Wat ik nog wel heb, is het pak dat ik in India aanschafte: een wijde pofbroek en een lange tuniek in de kleuren zwart en knalroze, met witte en gouden accenten. Ik was vastbesloten om het in Nederland ook te gaan dragen, maar ja… die kans krijg je hier natuurlijk niet zo vaak. Tot we besloten om Indiaas te gaan eten in een restaurant in de buurt van ons appartement in Amsterdam, Koh-I-Noor op de Westermarkt. We hadden er alleen niet bij stil gestaan dat het misschien handig zou zijn om te reserveren op een zaterdagavond. Het restaurant bleek stampvol te zitten en we eindigden bij het Spaanse restaurant ernaast. Daar viel ik natuurlijk wel wat uit de toon in mijn kleurrijke Indiase outfit, maar ach… Ze zijn wel wat gewend in Amsterdam.

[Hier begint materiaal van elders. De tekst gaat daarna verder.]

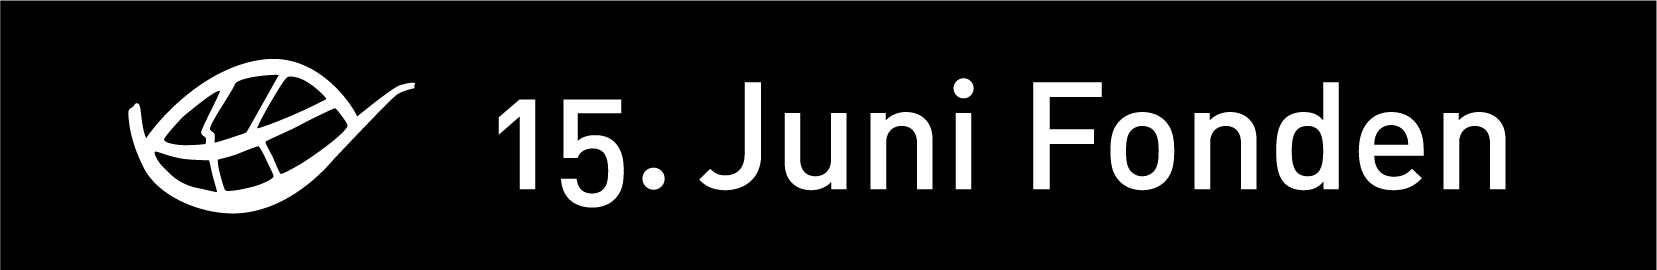 15. junifondens logo
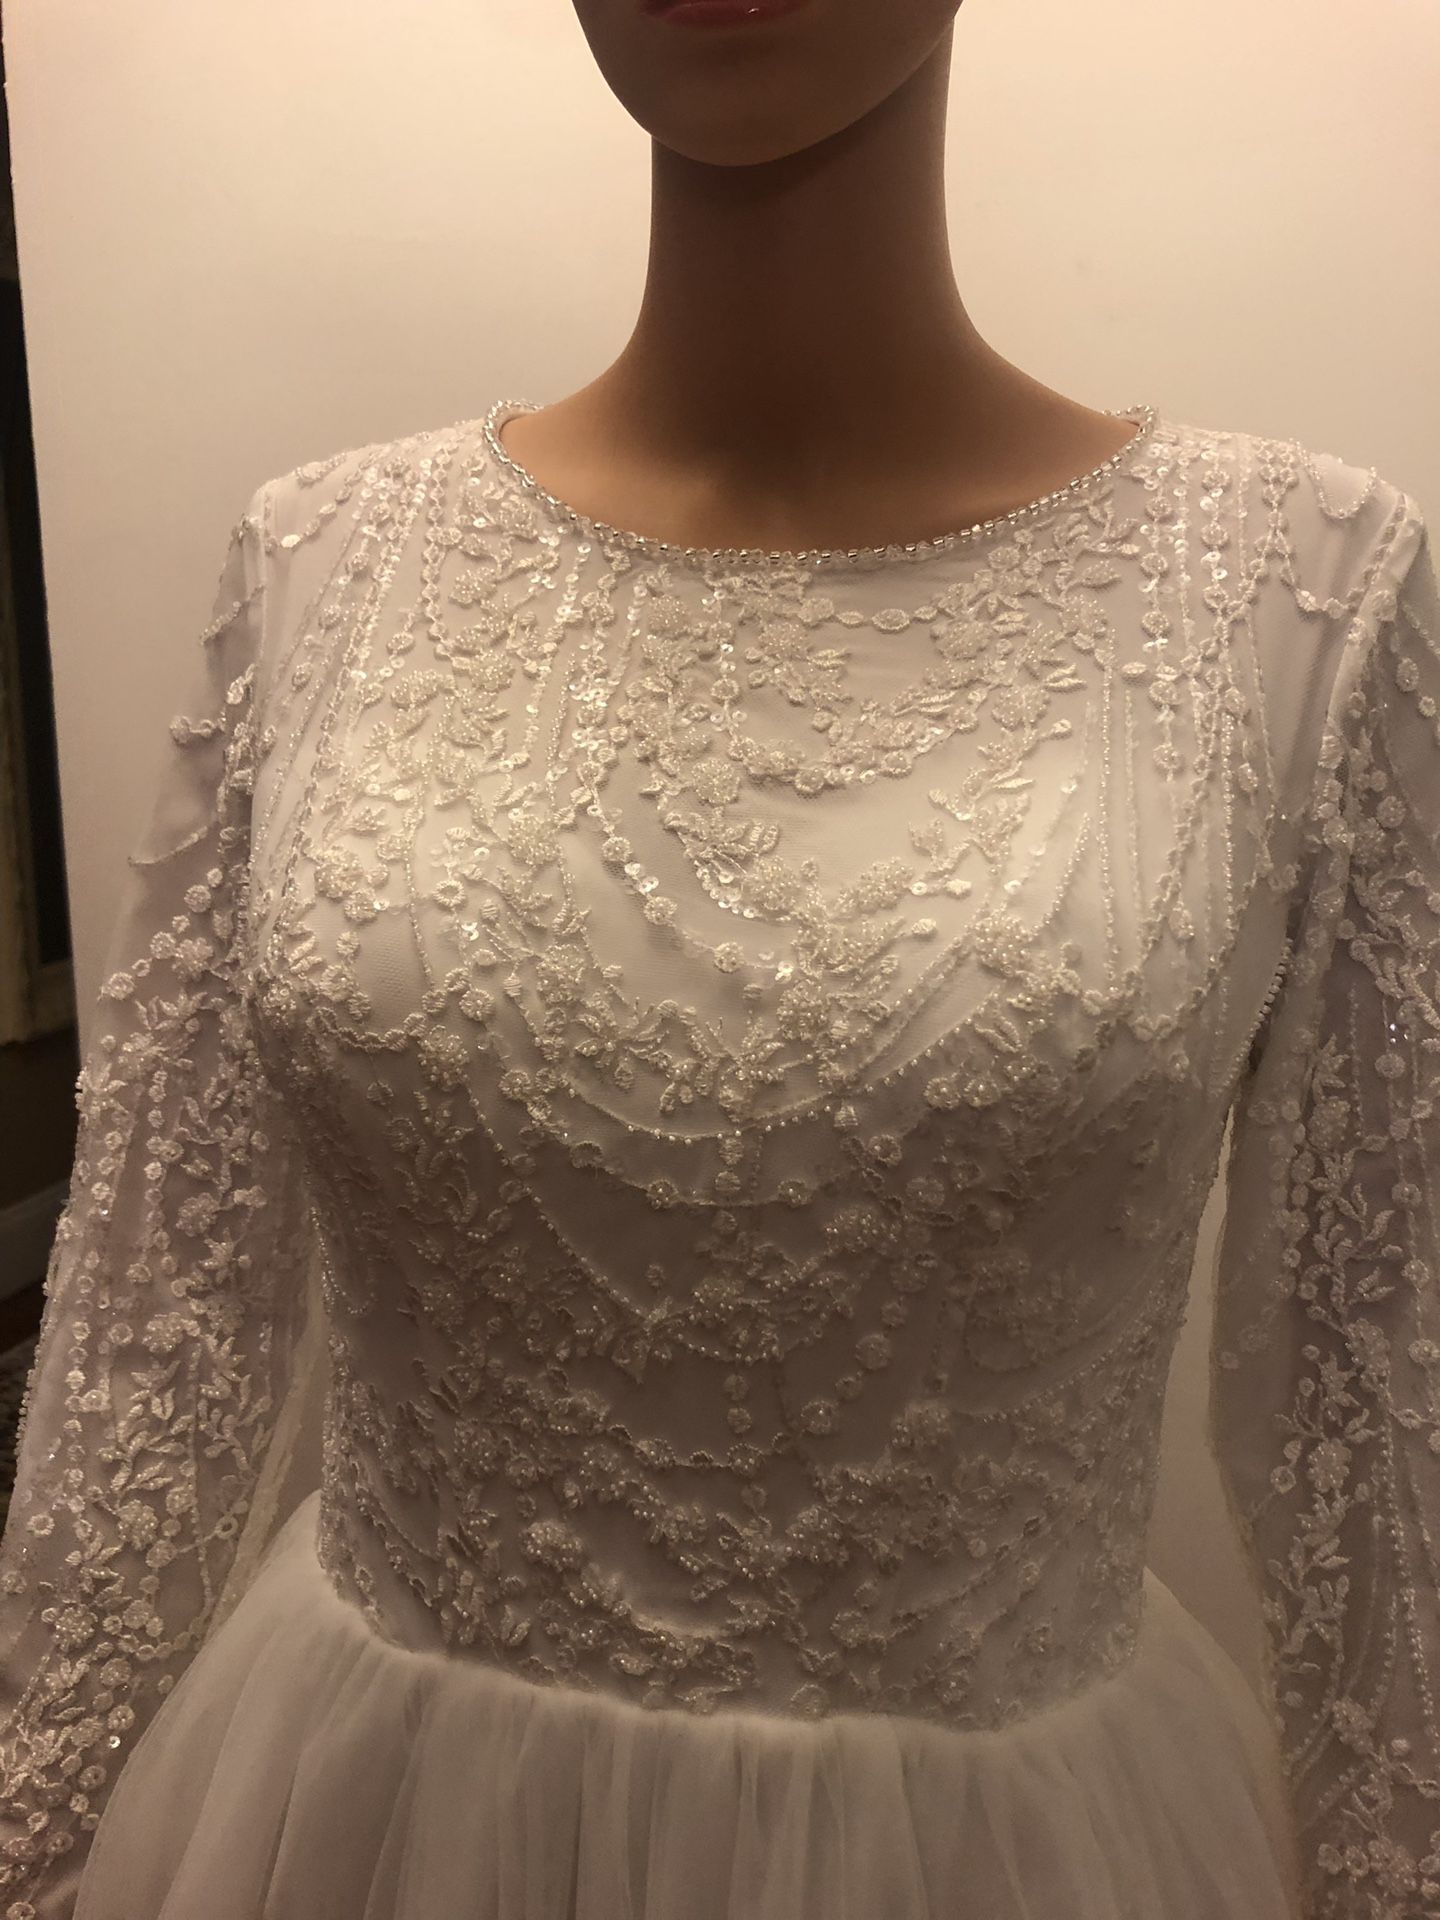 Brand new wedding dress for sale

Mijn Indiase pak heeft daarna vele jaren ongebruikt in de kast gehangen. In 2009 verhuisden we naar Brabant. Mijn man komt hier vandaan en heeft altijd gezegd dat hij ooit terug wilde naar zijn geboortedorp. Sindsdien gloren er weer betere tijden voor mijn Indiase pak. Ik kan het nu minimaal één keer per jaar dragen, met… juist: carnaval! Net als mijn batikjurk uit Senegal. Maar dat is weer een heel ander verhaal.